From the coining of the term back in the 1950’s to now, AI has taken remarkable leaps forward and only continues to grow in relevance and sophistication
But despite these advancements, there’s one problem that continues to plague AI technology – the internal bias and prejudice of its human creators.
The issue of AI bias cannot be brushed under the carpet, given the potential detrimental effects it can have. A recent survey showed that 36% of respondents reported that their businesses suffered from AI bias in at least one algorithm, resulting in unequal treatment of users based on race, gender, sexual orientation, religion or age. These instances incurred a direct commercial impact: of those respondents, two-thirds reported that as a result they lost revenue (62%), customers (61%), or employees (43%). And 35% incurred legal fees because of lawsuits or legal action.
This shouldn’t scare organizations off adopting AI. It is truly a question of when businesses adopt it, rather than if, as they turn to it to drive productivity and efficiency, which in turn helps reduce the strain on human workers. However, as this adoption increases in more varied use cases, the potential for bias to present itself is heightened.
Any business looking to incorporate AI must ensure that it’s delivering a fair and equal experience to every user and customer, or risk facing the consequences listed above. Putting processes in place that can eliminate bias at source, or at least remove it after discovery, is essential – the question is, how do businesses go about it?
A diverse team brings diverse views
By 2023, Gartner anticipates that all organisations will expect AI development and training personnel to “demonstrate expertise in responsible AI” to support algorithmic fairness.
There is good reason for this expectation. While AI is not inherently biased, algorithms are influenced by the biases and prejudices of their human creators. But there are steps organisations can take today to ensure developers are able to detect and address bias in AI solutions.

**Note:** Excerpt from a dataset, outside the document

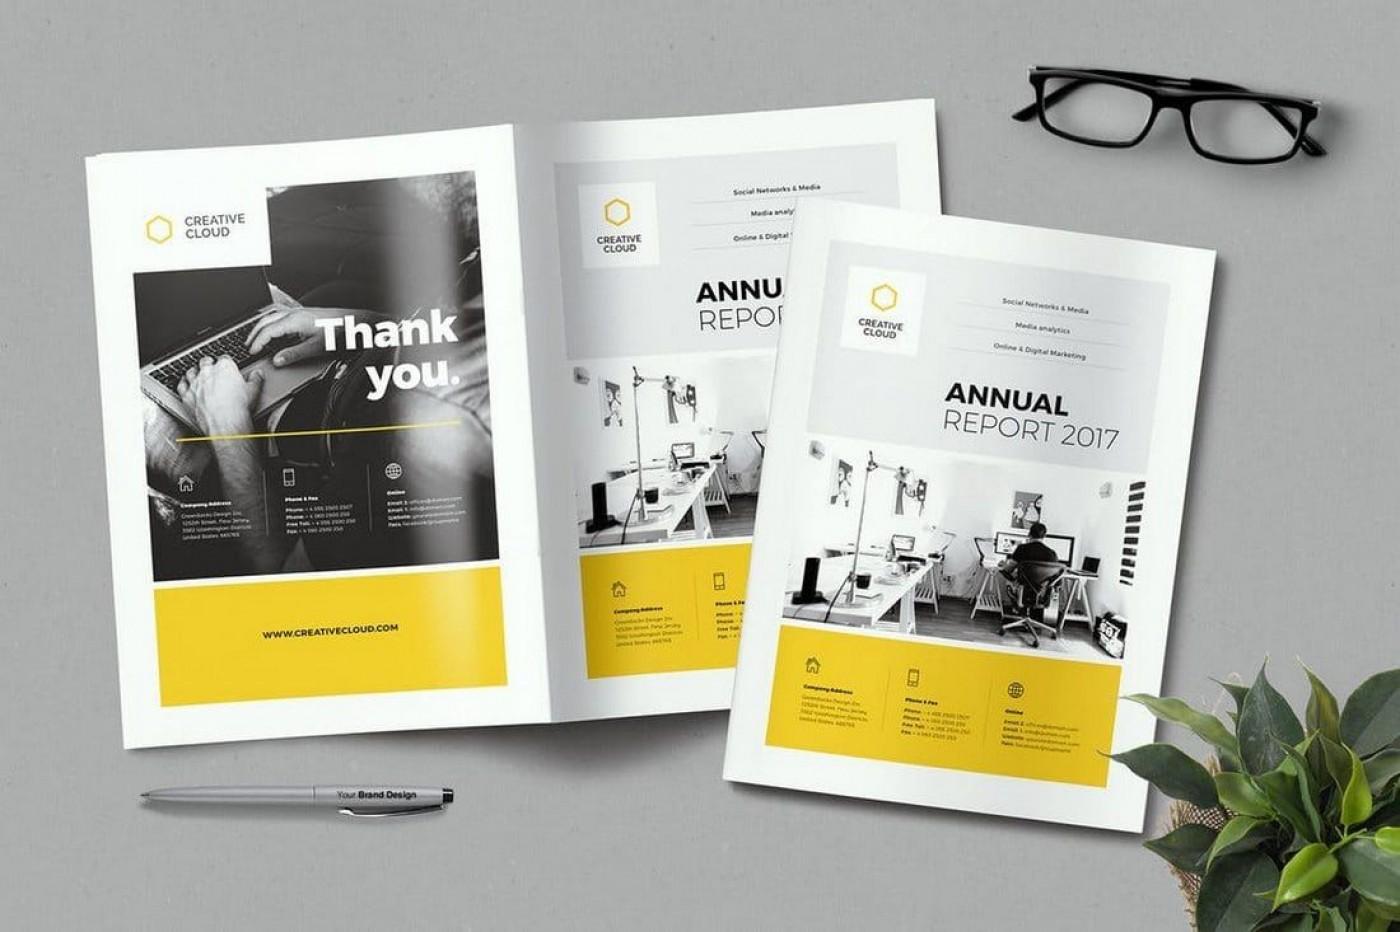 007 Unforgettable Free Annual Report Template Indesign Picture  Adobe Non Profit1400

All AI programmers and designers should receive training on how to recognise and avoid bias in AI. This is something that the World Health Organisation advocates for to help them recognise and avoid ageism and other prejudices in their work, after a recent study found that healthcare AI solutions are often embedded with designers’ “misconceptions about how older people live and engage with technology.”
Training is key for detecting and eliminating not just ageism, but also sexist, racist, ableist and other biases that may lurk within AI algorithms. However, while training programs can help to limit bias, nothing compares to the positive impact of building a diverse analytics team. As noted in a recent article from McKinsey, bias in training data and model outputs is harder to spot if no one in the room has the relevant life experience that would alert them to issues.” The teams that plan, create, execute and monitor the technology should be representative of the people they intend to serve.

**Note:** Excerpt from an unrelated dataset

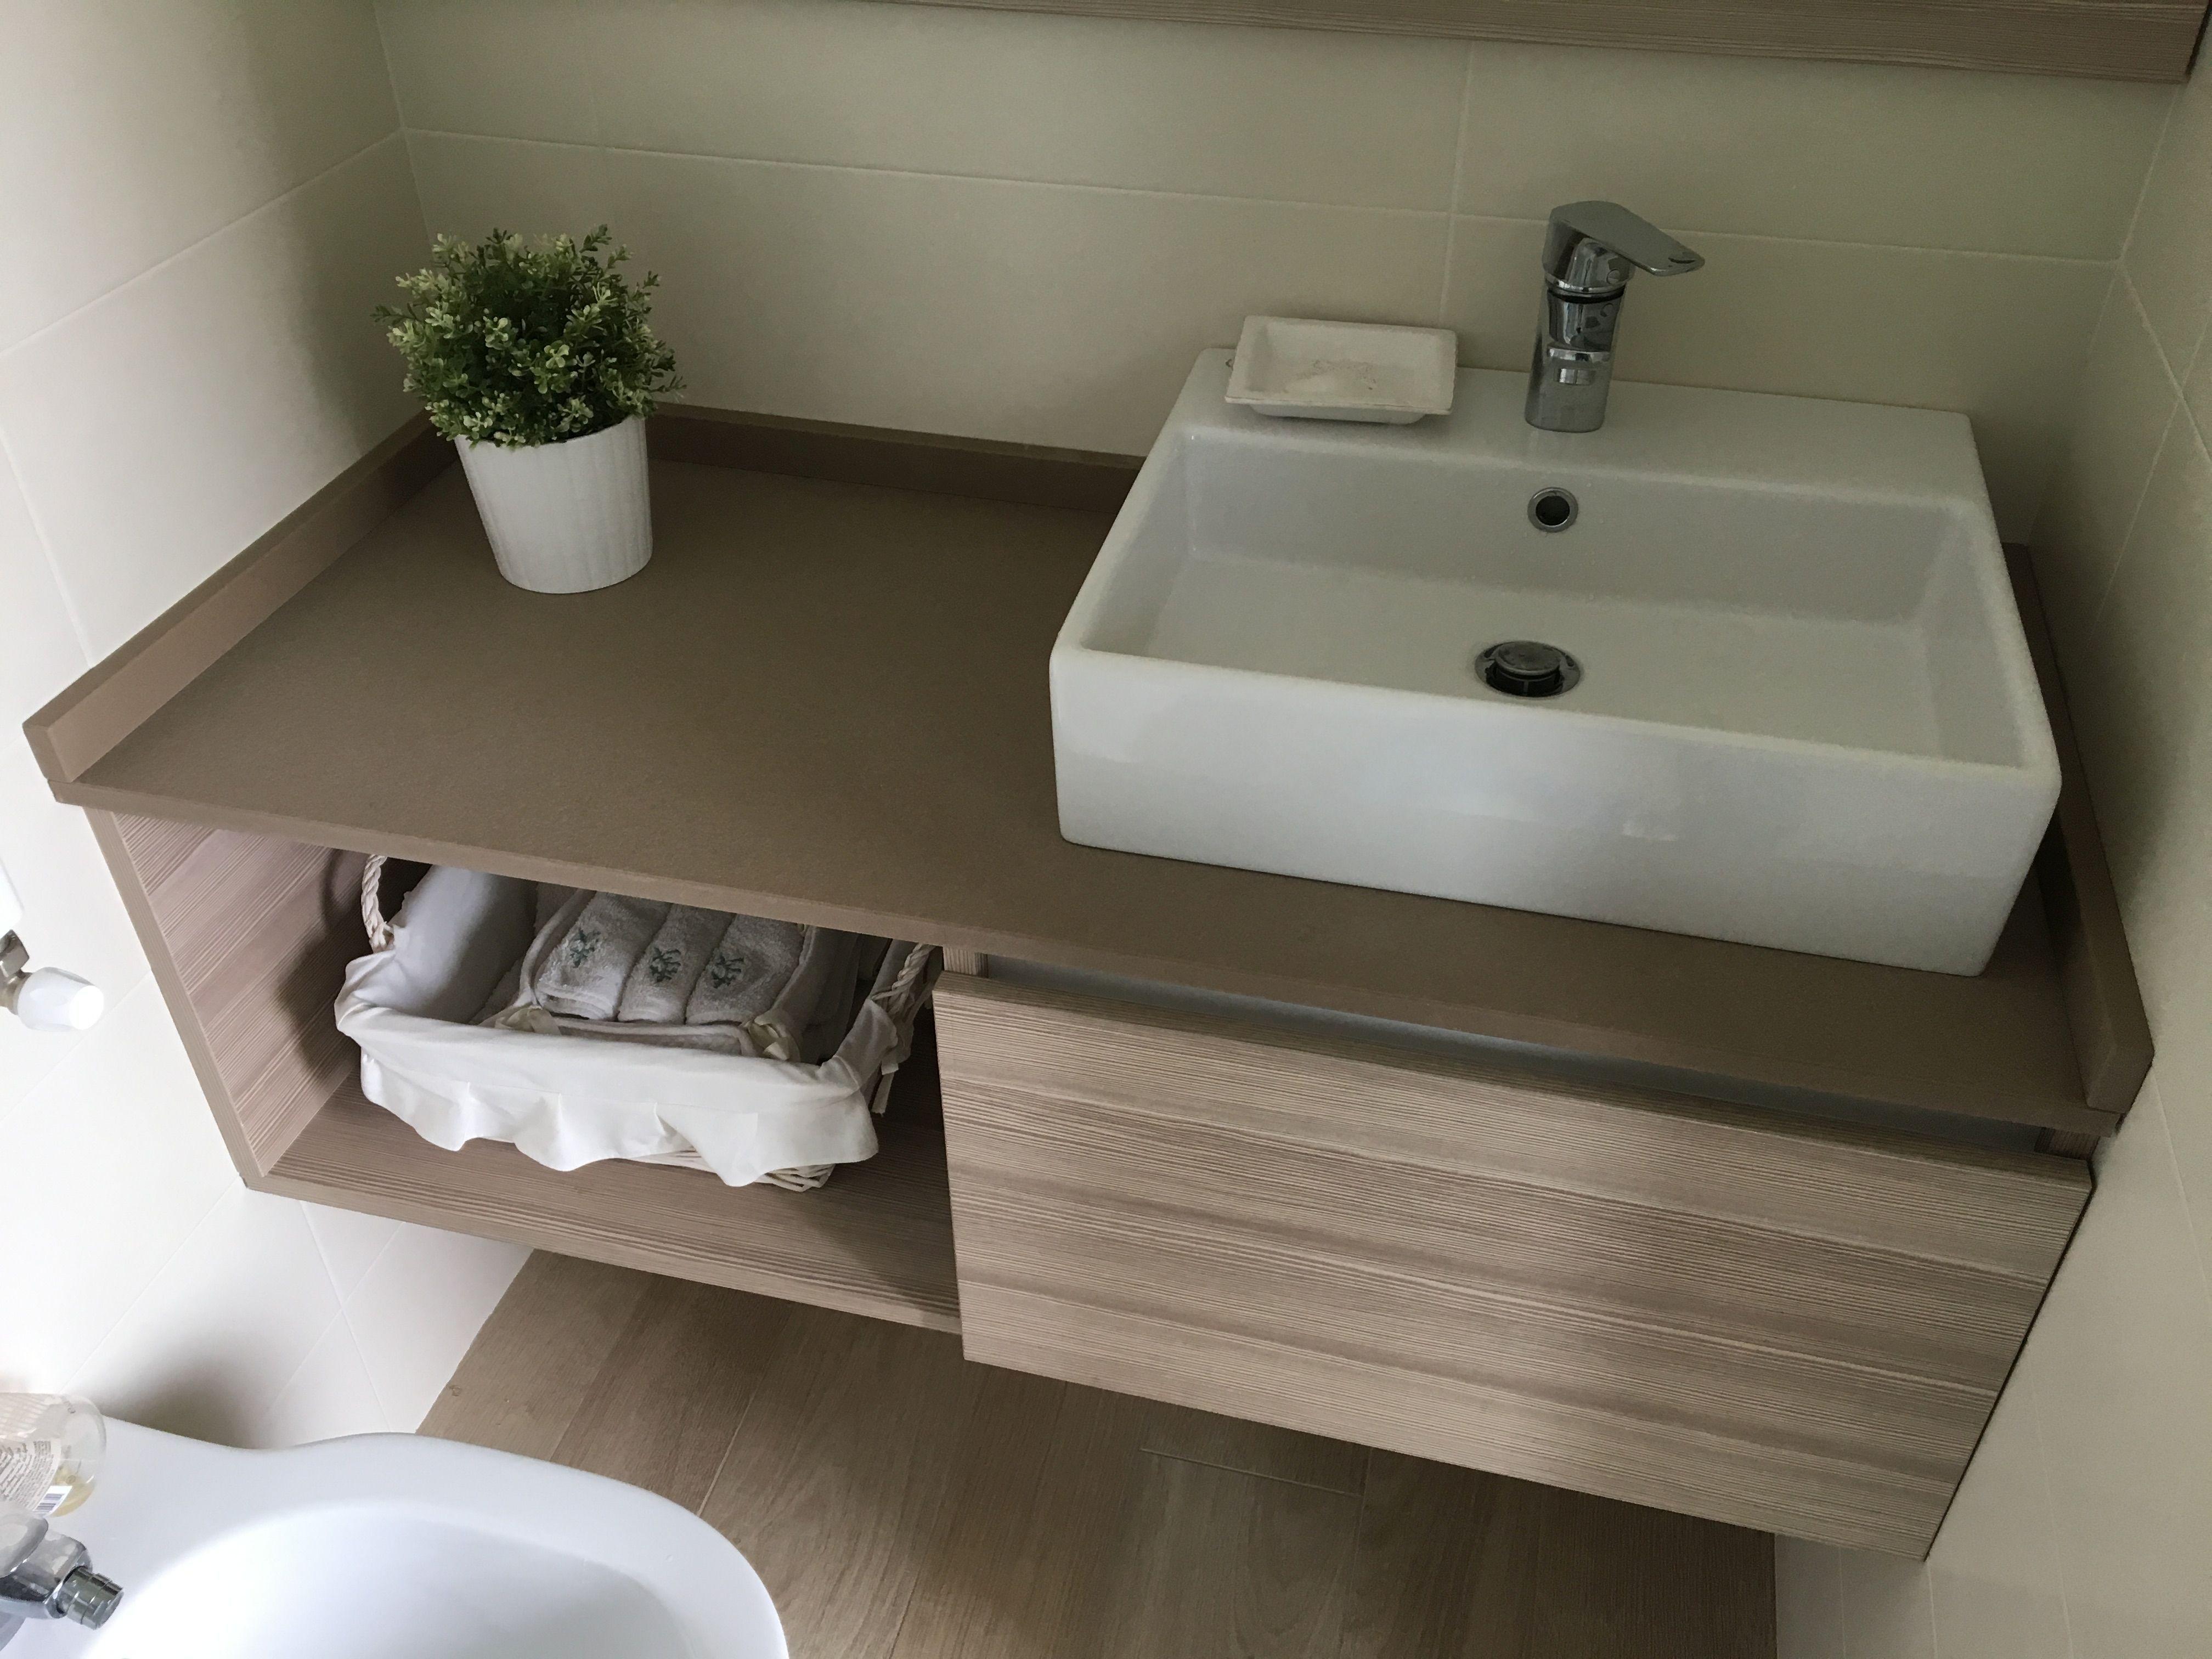 Mobile per bagno sospeso in laminato, top in quarzo ...

That’s why it is so important that the industry actively invests in diversifying its talent pool and building truly inclusive workplaces. Amelia’s Women in AI programme, for instance, shares the journeys of dynamic industry leaders to show the diverse routes women have taken to join the industry and encourage others to pursue careers in STEM and shrink the industry’s gender gap.
Monitor your AI, step by step
Another step that organisations can take to avoid bias is fostering a practice of regularly conducting fairness audits of AI algorithms. As stated in an article from Harvard Business Review, one of the keys to eliminating bias from AI is subjecting the system to “rigorous human review.”
Several leaders in the AI and automation field have already put this recommendation into practice. Alice Xiang, Sony Group’s Head of AI Ethics Office, explains that she regularly tells her business units to conduct fairness assessments, not as an indicator that something is wrong with its AI solution, but because it is something they should continuously monitor. Similarly, Dr. Haniyeh Mahmoudian, Global AI Ethicist at DataRobot, emphasizes the importance of surveilling AI at every step of development to ensure bias does not become part of the system. She describes how this process allows AI teams to determine whether their product is ready for public deployment.
In some cases, these surveillance-like steps can be built directly into AI solutions to aid in the bias-elimination process. For example, when the Amelia conversational AI assistant encounters a workflow that she has not previously performed, she creates new business process networks based on her interactions with users. However, any newly created process must be approved by human subject matter experts before it is deployed, providing an important checkpoint to reduce the risk of bias creeping in.
Transparency builds trust
Even after building a diverse AI development team, training team members on responsible AI practices and regularly assessing algorithms throughout the development process, organisations cannot afford to let their guard down.
Once companies deploy their AI product, they should be transparent with end users about how the algorithm was developed, the intention of the product, and the point-of-contact for end users to connect with in case they have questions or concerns. Dissolving the mystique of AI can encourage open dialogue between companies and users. This empowers developers to leverage user feedback to improve their solutions, and to reduce harm by ensuring any erroneous algorithmic biases are resolved in a timely manner.
Companies owe a duty of care to the end users of their AI programmes. The responsibility lies with businesses to ensure that their technology provides a fair experience for all end users – this means eliminating discrimination at the source and keeping close surveillance of the technology once it has been deployed to detect any bias or prejudice that has been unknowingly introduced. Following these steps can build the foundations for a responsible AI strategy focused on providing a fair, high-quality customer experience.